Nuisance factor- factor that may have an effect on the response variable but of not an interest to the researcher
Unknown and uncontrollable- randomization balances out its impact across the experiment
Known and controllable- blocking or grouping of the experimental units using the nuisance factor as grouping variable
Known but uncontrollable- measure the value of this factor and include them in the analysis using Analysis of Covariance
An experiment designed to test the effects of three diets on yearling weight of animals, different initial weight or different age at the beginning of the experiment will influence the precision of the experiment. It is necessary to adjust yearling weights for differences in initial weight or initial age. This can be accomplished by defining initial weight or age as a covariate in the model. This will improve the precision of the experiment, since part of the unexplained variability is explained by the covariate and consequently the experimental error is reduced.
A study is designed to evaluate different methods of teaching reading to 8-year-old children. The response variable is final scores of the children after participating in the reading program. However, the children participating in the study will have different reading ability prior to entering the program. Also, there will be many factors outside the school that may have an influence on the reading score of a child, such as socioeconomic variables associated with the child’s family.

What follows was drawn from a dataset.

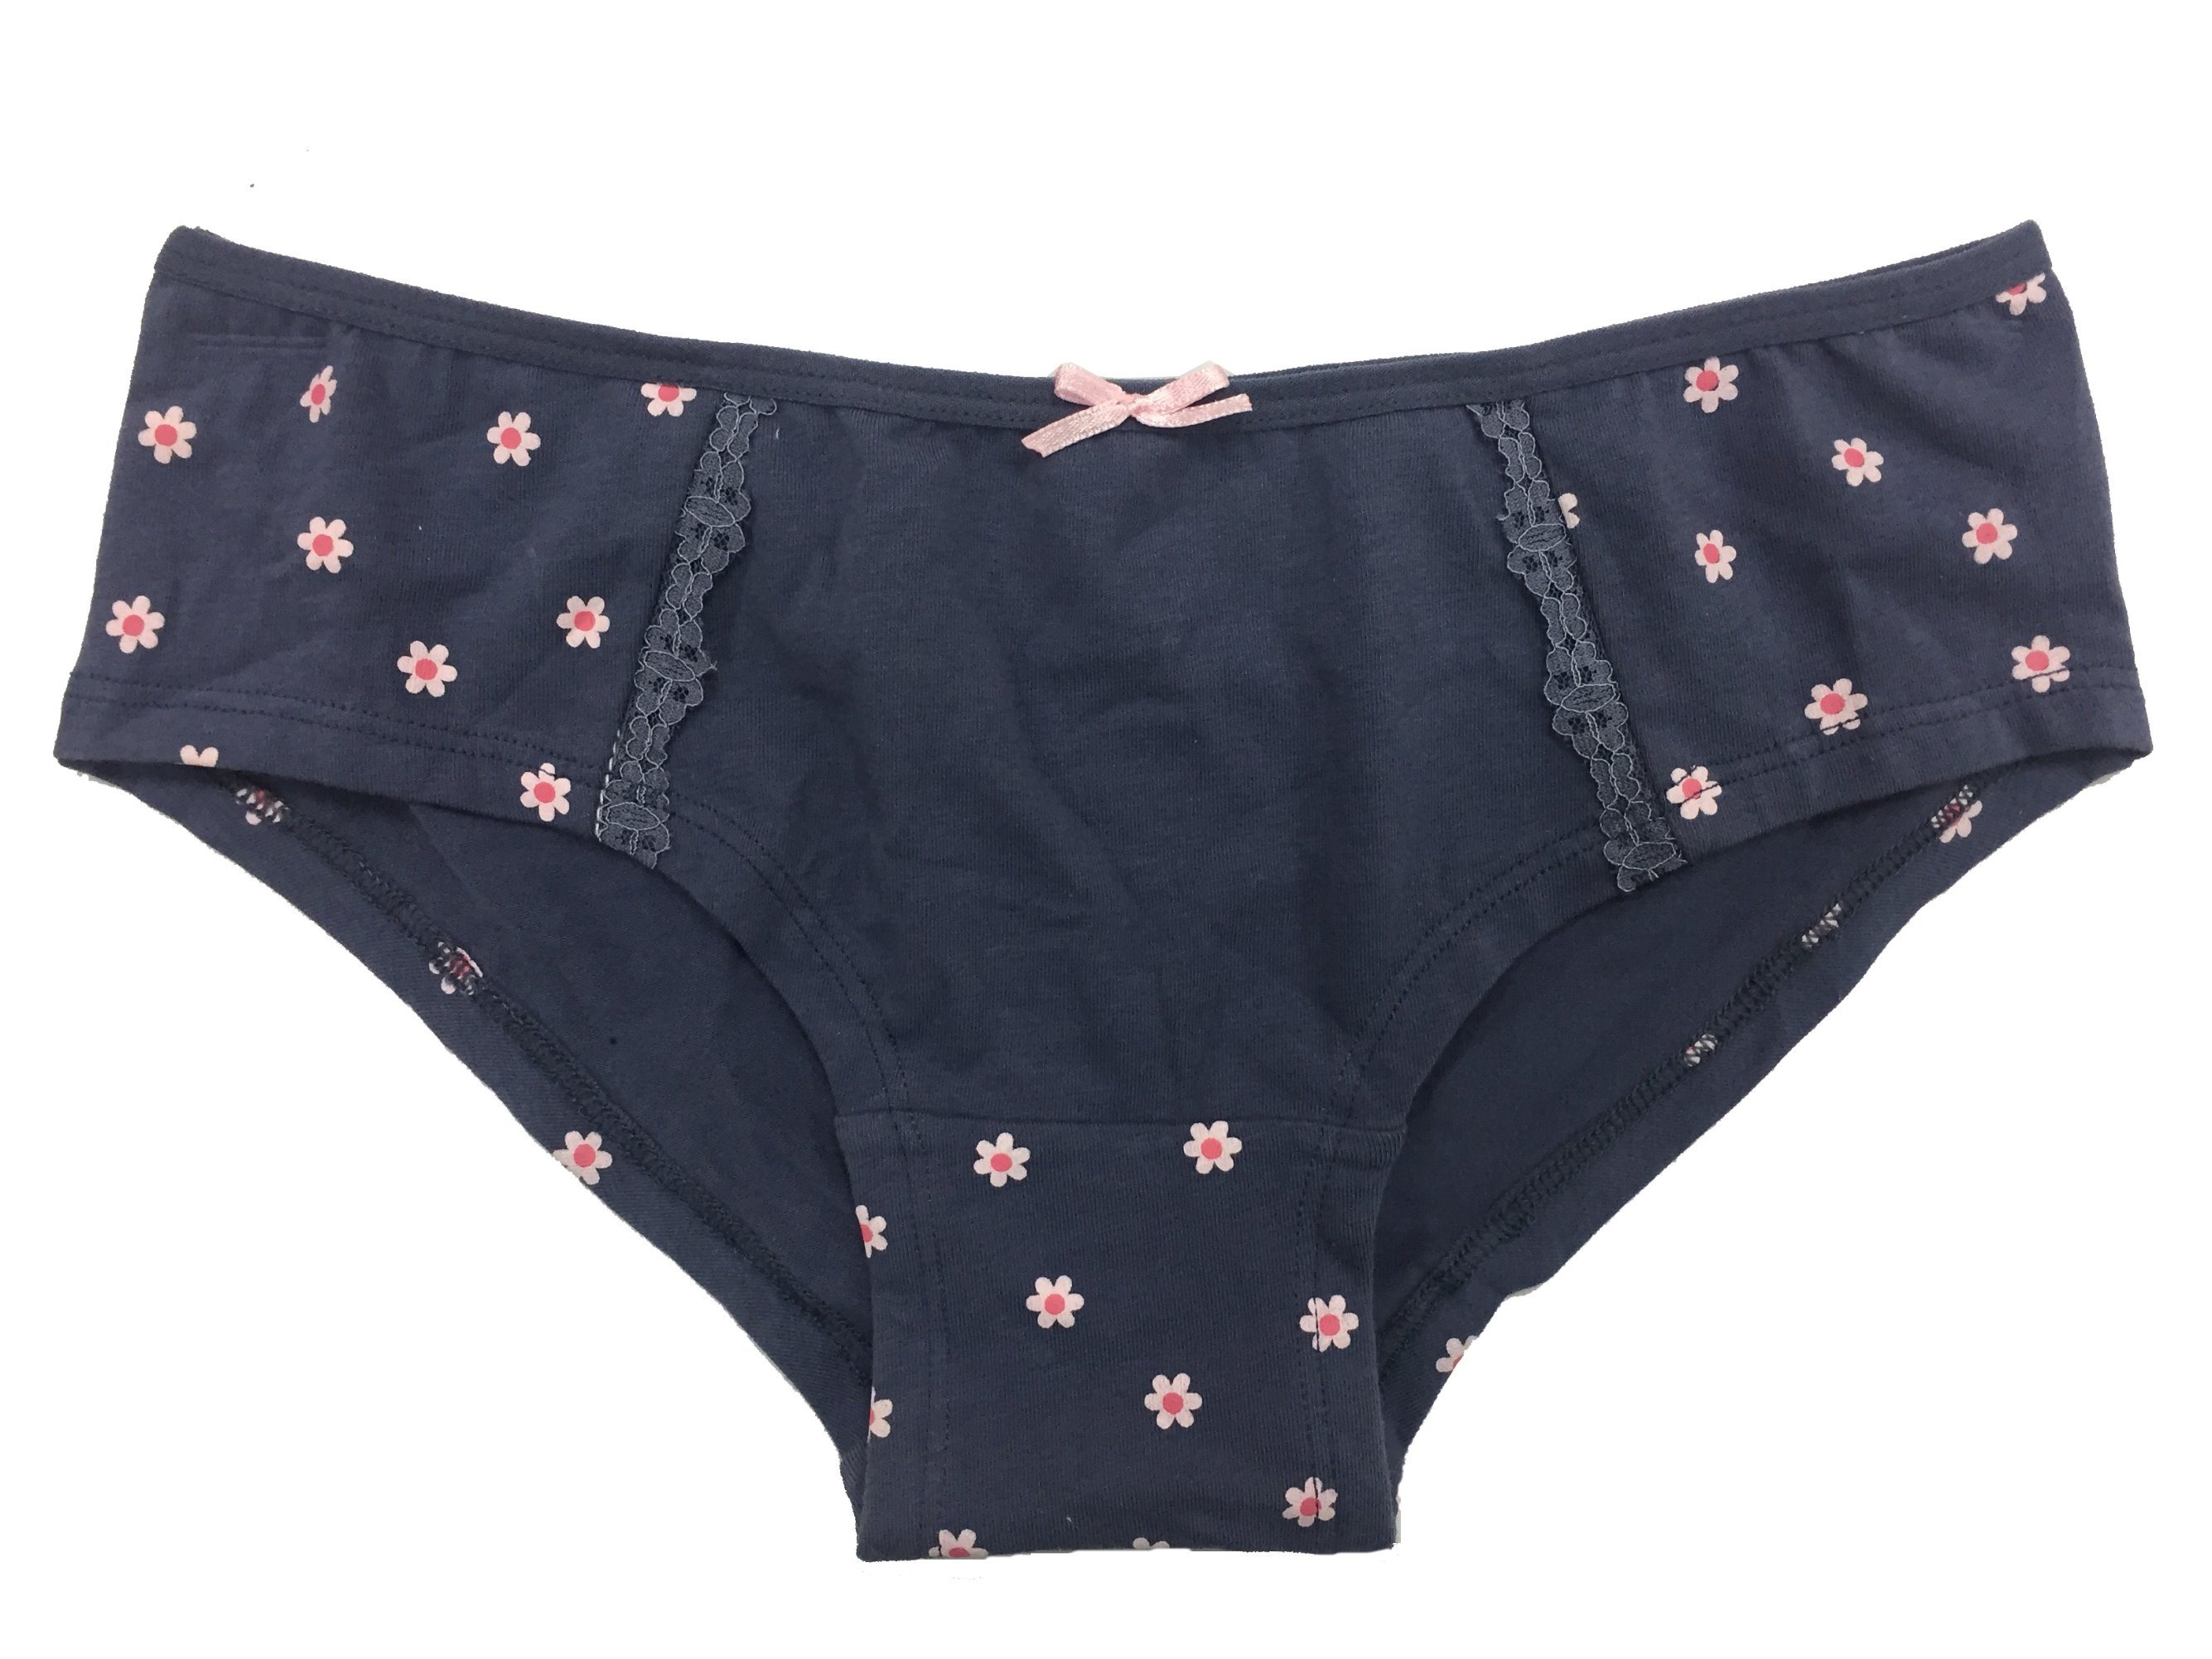 Cotton/Spandex Women Underwear, Popular Briefs

Method of adjusting the analysis for nuisance factors that cannot be controlled and that sometimes cannot be measured until the experiment is conducted
The method is applicable if the nuisance factors are related to the response variable but are themselves unaffected by the treatment factors
Combines ANOVA and regression analysis
Two main uses:
To reduce the error variance by eliminating the unit-to-unit variation attributable to fluctuations in the covariates
To eliminate any bias in treatment comparisons caused by the uneven covariates assigned to the various experimental units by adjusting the treatment means
Linear Model:
\[ Y_{ij} = \mu + \tau_i + \beta x_{ij} + \epsilon_{ij} \]

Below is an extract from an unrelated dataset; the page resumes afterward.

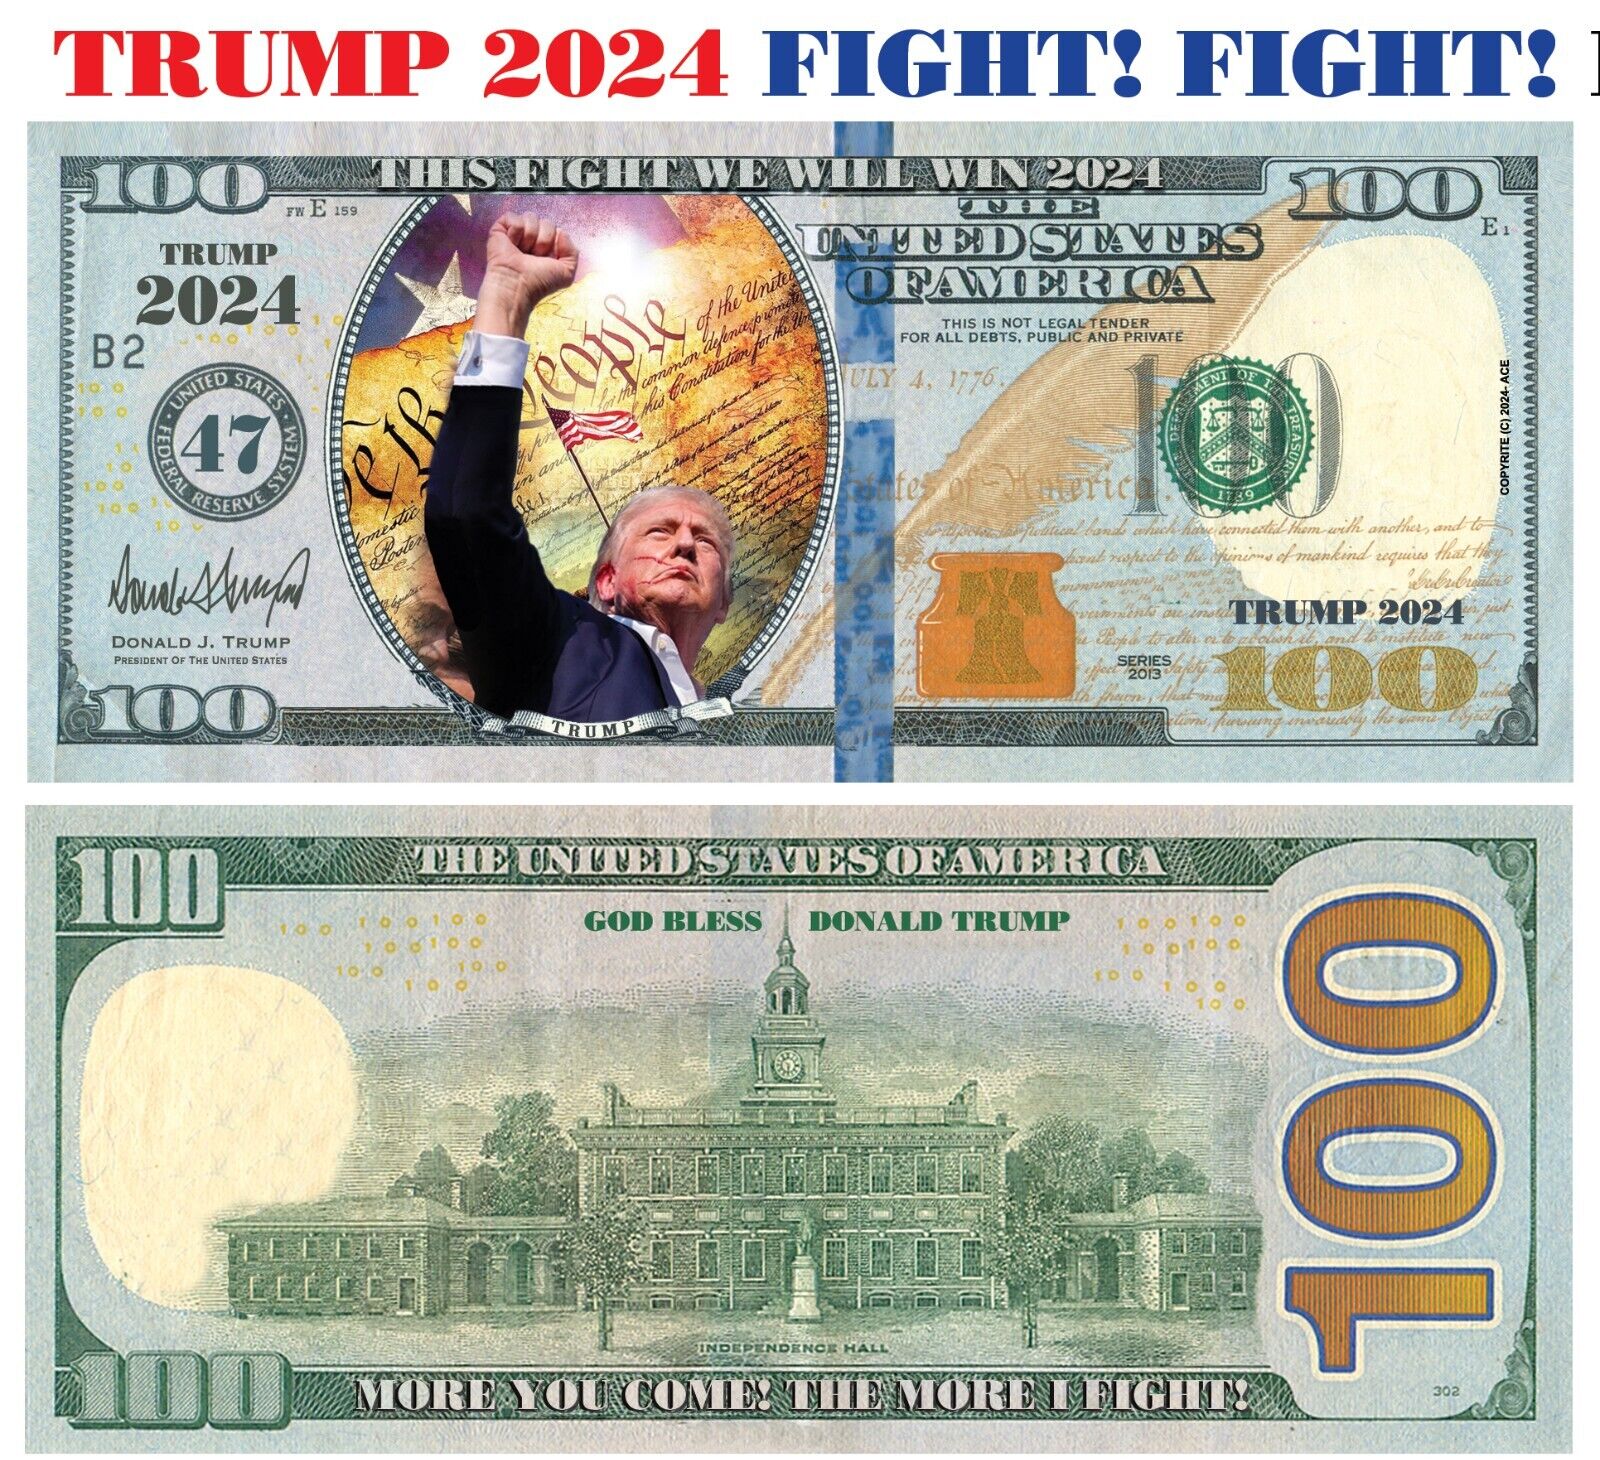 25 pack TRUMP FIGHT, FIGHT FIGHT 2024 Dollar Bills Funny Money Maga

the terms \(\mu, \; \tau_i, \; \text{and}\; \epsilon_{ij}\) are as defined before
\(x_{ij}\) is the value of the covariate
\(\beta\) is the regression coefficient of X, defined as the expected unit change in \(Y\) for every unit increase in X
Alternatively, we can use the following model:
\[ Y_{ij} = \mu + \tau_i + \beta \left(x_{ij} - \overline{x}_{..} \right) + \epsilon_{ij} \]

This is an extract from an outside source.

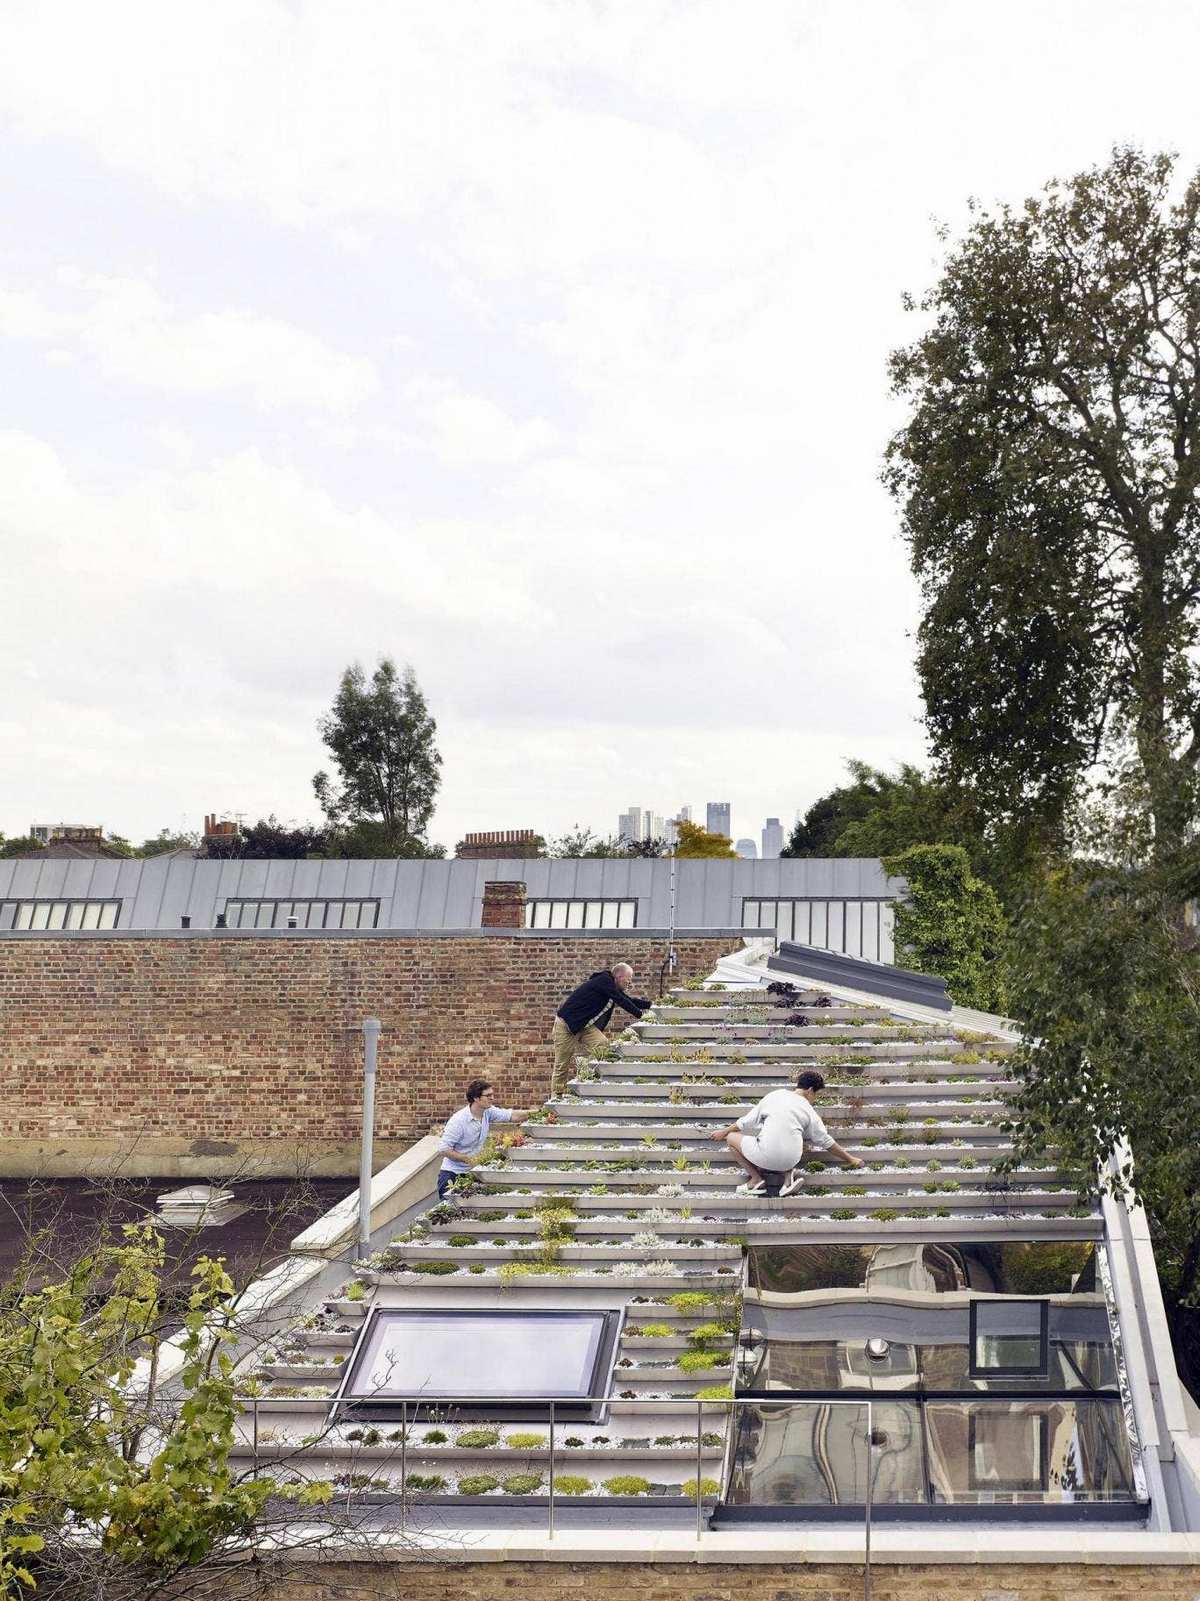 Дом с садом на крыше в Великобритании

The two models are equivalent for comparison of treatment effects
The slope parameter \(\beta\) has the same interpretation in both models
In the first model, \(\mu + \tau_i\) is the mean response when \(x_{ij} = 0\), whereas, in the alternative model, \(\mu + \tau_i\) is the mean response when \(x_{ij} = \overline{x}_{..}\)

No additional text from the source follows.